Neurocrine Biosciences reported Q1 2026 EPS of $1.94 versus $1.17 consensus and revenue of $811 million versus $766.85 million, with sales up 44% year over year. INGREZZA generated $657 million in sales and CRENESSITY reached $153 million, while the company reaffirmed 2026 INGREZZA guidance of $2.7 billion-$2.8 billion. Shares rose 9.66% in after-hours trading to $147.02 on the earnings beat and upbeat launch momentum, with a pending Soleno acquisition also on track to close in Q2.

Analysis

NBIX just demonstrated that its commercial engine is still under-penetrated, not merely maturing. The important second-order effect is that a durable base of cash flow now funds multiple shots on goal simultaneously: label expansion, lifecycle management, and pipeline optionality. That combination should compress the perceived “single-asset risk” discount the market historically applies to orphan-neuro names, while also raising the bar for shorts who were relying on INGREZZA saturation to offset CRENESSITY momentum. The market is likely underestimating how much of CRENESSITY’s growth is structurally deferred, not demand-limited.
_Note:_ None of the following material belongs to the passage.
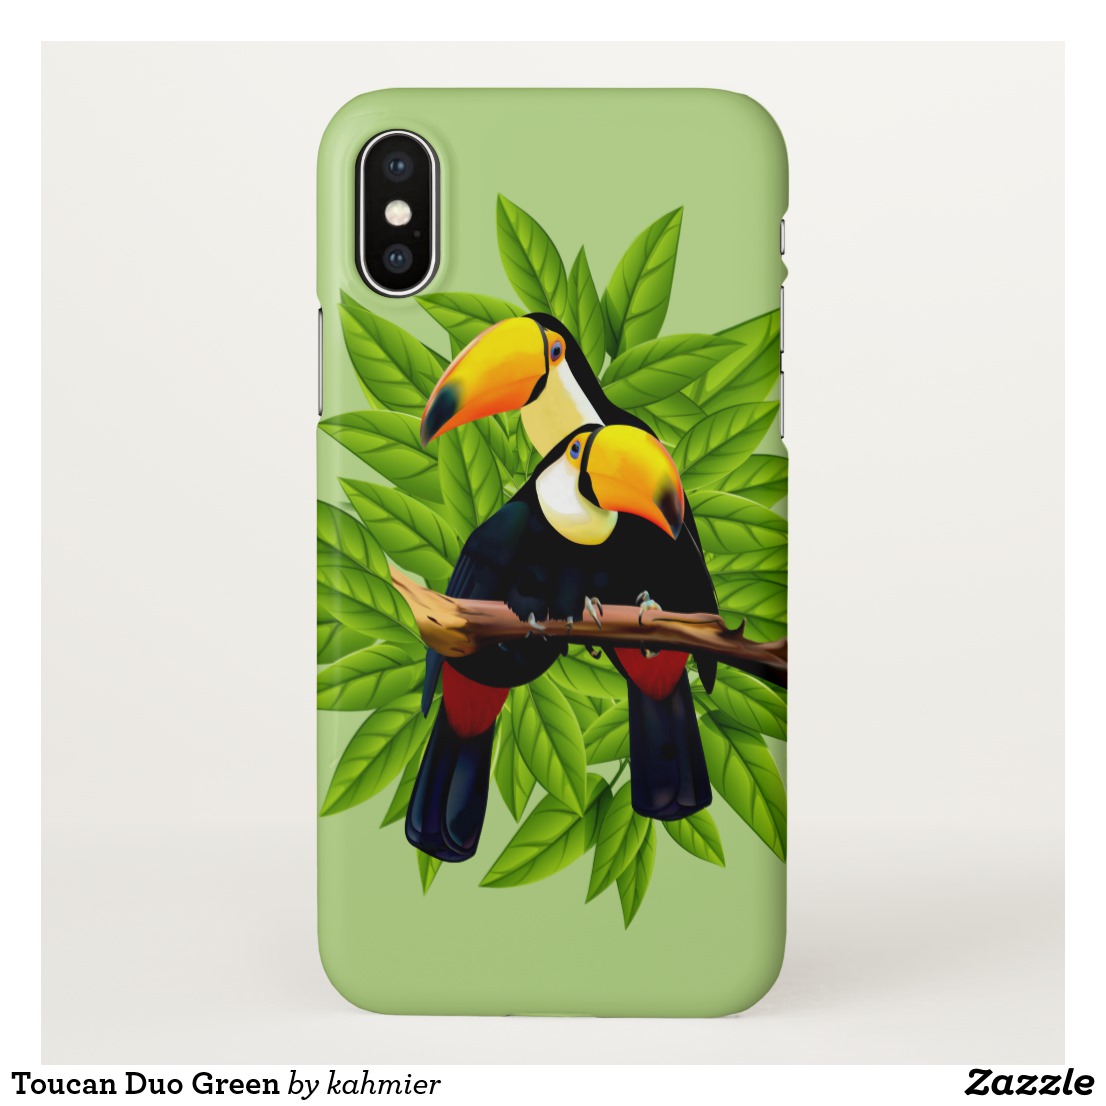 Toucan Duo Green iPhone Case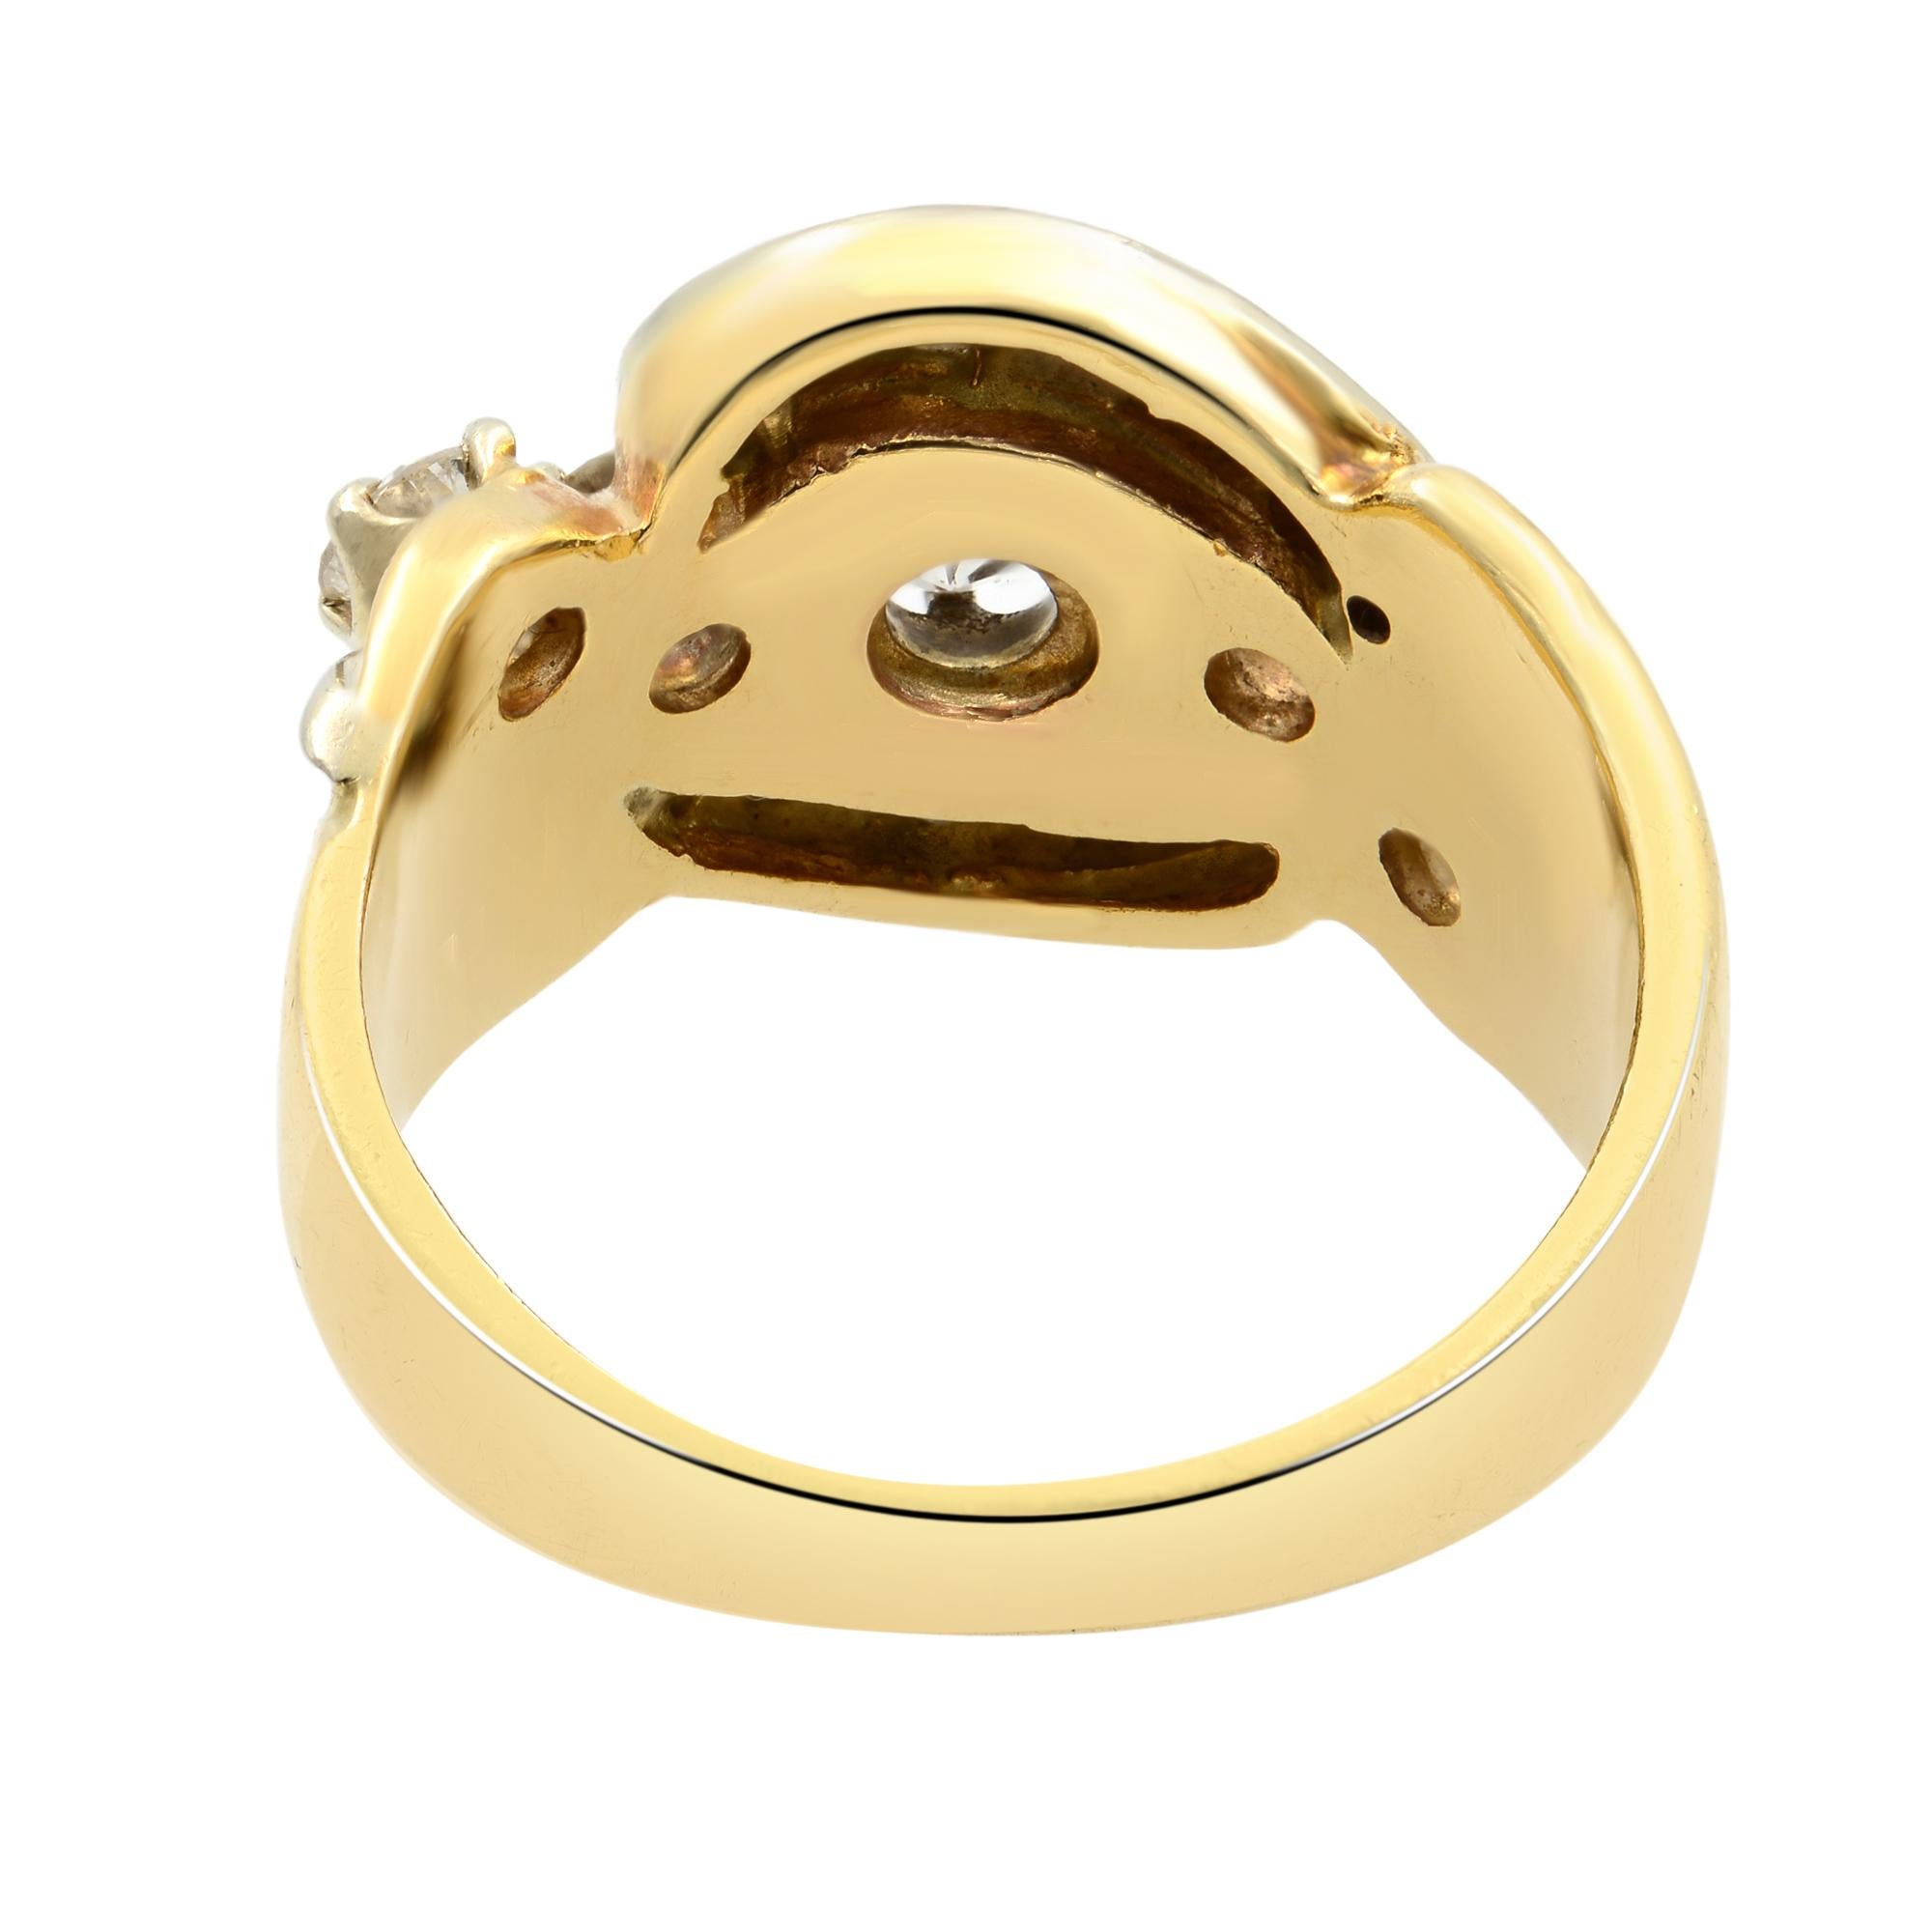 Modern Estate 2.00Cttw Round Cut Diamond Ladies Ring 14K Yellow Gold For Sale

In rare disease, prescriber initiation is often constrained by patient flow, not conviction; once the first wave of specialists gains experience, follow-on scripts typically inflect with a lag of 2-4 quarters as reauthorization cycles, referrals, and patient finding build. That means the next leg of upside is more likely to come from breadth of prescriber adoption and refill persistence than from headline new-start volatility, which supports a longer-duration valuation rerate. The main risk is not near-term execution but expectation exhaustion into the second half: if the Street front-runs perfect launch math, the stock can stall even with good prints. The biggest technical catalyst/risk window is the Soleno close and integration details over the next 1-2 quarters; any slippage there would reopen concerns about capital allocation and distraction, while clean closure would reinforce the platform narrative. Pipeline readouts in 2027 provide a further call option, but they also create a future binary stack that may cap multiple expansion if the commercial businesses do not continue to outrun expenses. Contrarian view: the move may be too narrowly framed as a one-quarter beat, when the more material signal is that the company is re-rating from “product story” to “platform story.” That matters because platform names can sustain higher EV/sales multiples if cash generation plus pipeline cadence are both credible. The market is likely still valuing NBIX too conservatively for a business that now has visible reinvestment capacity, multiple launch assets, and incremental optionality from M&A.